Proof.$\quad$ Suppose $S$ and $T$ are two finite bases for $V,$ with $k$ and $m$ elements respectively. We know from Theorem 1.5. that for an independent set $S$ of $k$ elements in $V,$ that any set of $k + 1$ elements in its linear span (that is, in $V$) is dependent. Thus, if $T$ is an independent set of elements in $V,$ then $m \leq k.$ Likewise, if $S$ is to be an independent set of elements in $V,$ then $k \leq m.$ Combining these two results, we find that $k = m.$
Definition.$\quad$ If a linear space $V$ has a basis of $n$ elements, the integer $n$ is called the dimension of $V.$ We write $n = \dim V.$ If $V = \{O\},$ we say $V$ has dimension $0.$
$\text{Theorem 1.7.}\quad$ Let $V$ be a finite-dimensional linear space with $\dim V = n.$ Then we have the following:
(a) Any set of independent elements in $V$ is a subset of some basis of $V.$
(b) Any set of $n$ independent elements is a basis for $V.$
Proof.$\quad$
(a) Let $S = \{x_1, ..., x_k\}$ be any independent set of elements in $V$ for some finite $k.$ If the span of $S$ is $V,$ then by definition, $S$ is a finite basis for $V.$ If not, we add to $S$ a new element $y,$ not in $L(S),$ yielding a new set $S' = \{x_1, ..., x_k, y\}.$ To show that $S'$ is independent, note that if we find $k + 1$ scalars $c_1, ..., c_{k+1},$ not all zero, such that
\begin{align*}
\sum_{i = 1}^{k}c_ix_i + c_{k+1}y &= O,
\end{align*}
this would imply that $y$ is in the span of $S,$ leading to a contradiction.
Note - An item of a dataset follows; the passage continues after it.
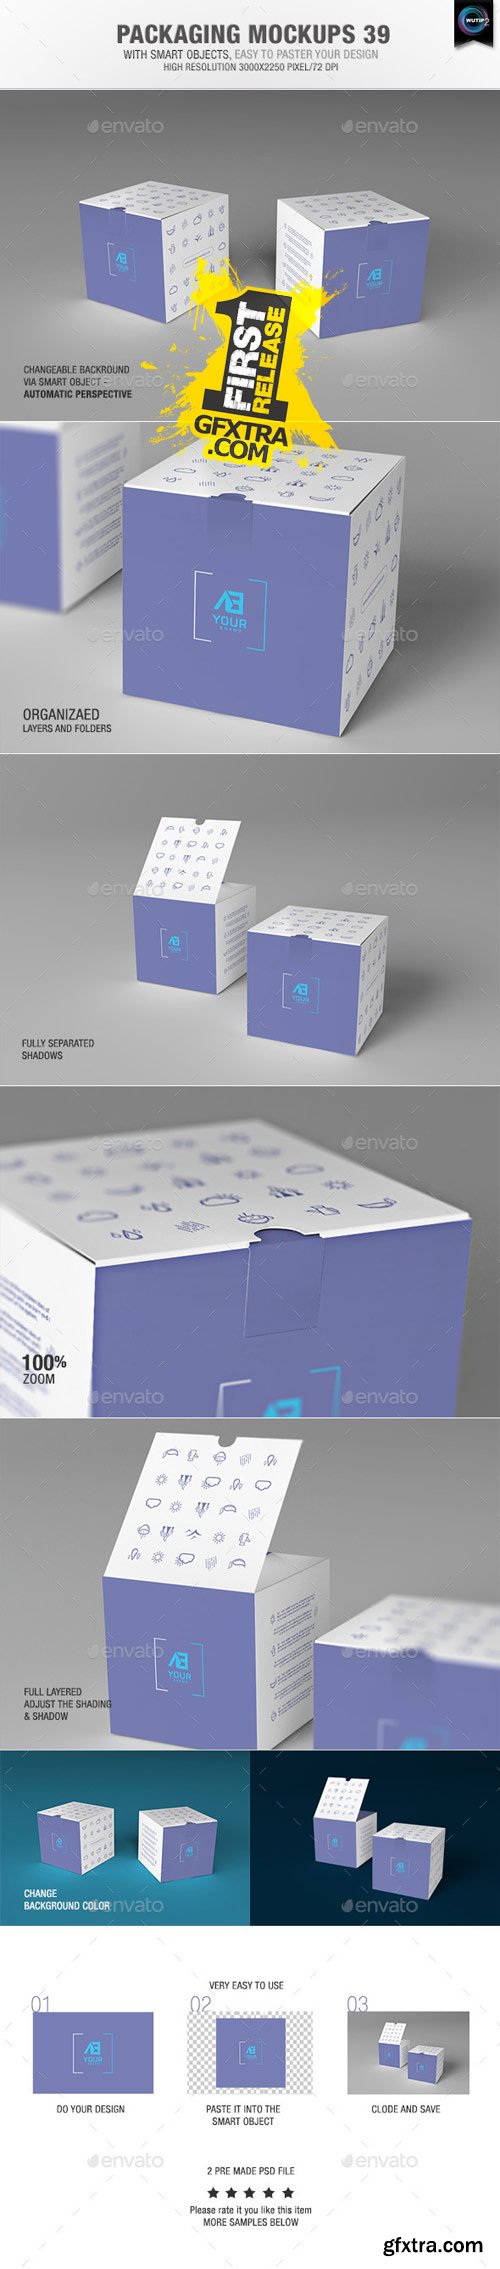 Graphicriver - Packaging Mock-ups 39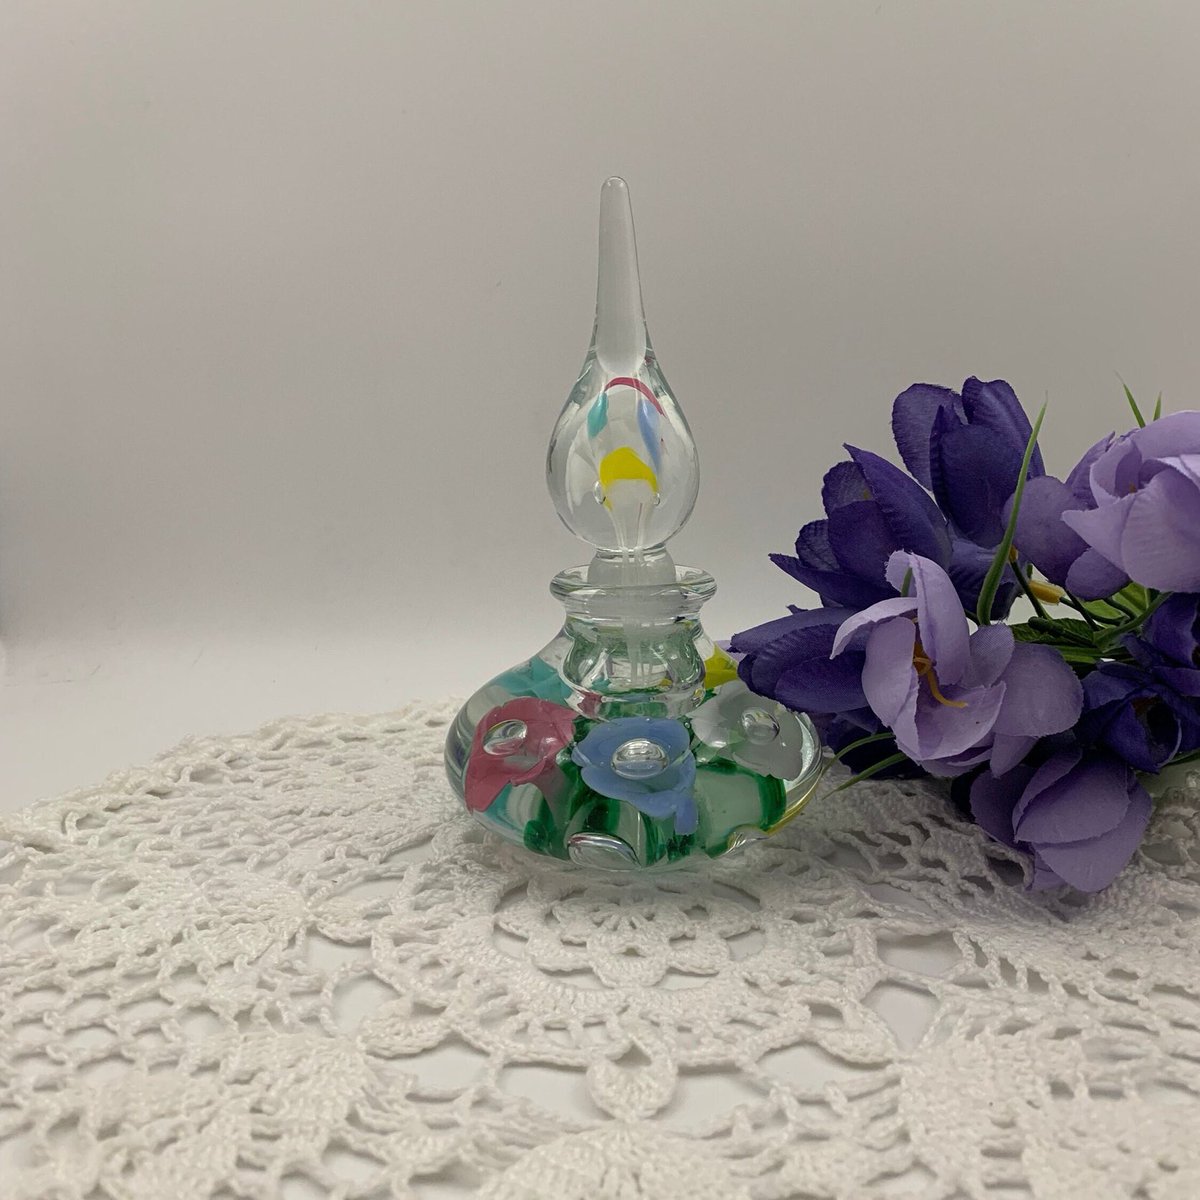 Excited to share this item from my #etsy shop: Vintage 1987 Gibson Perfume Bottle with Dauber, Retro 7” Vintage Tear Drop Art Glass, Cottage Core Chic, Vanity Dresser Decor, Gift for Her #teardrop #artglass #perfumebottle #vintagegibson #homedecor etsy.me/454AcZg

Now, if $L(S') = V,$ then $S'$ is a finite basis for $V$ with $\dim V = k + 1.$ And with $S$ being a subset of $S',$ this would complete the proof. If not, we repeat the process with another element $z$ in $V,$ but not in the span of $S',$ giving us a new independent set of $k + 2$ elements $S'' = \{x_1, ..., x_k, y, z\}.$ If $L(S'') = V,$ then $S''$ is a finite basis for $V$ with $S$ being a subset of $S'',$ completing the proof. Otherwise, we repeat the process until the resulting independent set of elements spans $V.$
\begin{align*}
\end{align*}
Since $V$ is finite-dimensional, there must be a finite number of independent elements (namely, $n - k,$ where $k \leq n$) that can be adjoined to the set $S$ such that the resulting union spans $V,$ otherwise this would result in a contradiction. This completes the proof of (a).
(b) From the proof of part (a), we know that for any independent set of $k$ elements in $V,$ there must be a finite number of independent elements that can be adjoined to $S$ such that the resulting union spans $V.$ But from Theorem 1.6., we know that every basis for $V$ has the same number of elements. Thus, the resulting set of independent elements that spans $V$ must have exactly $n$ elements.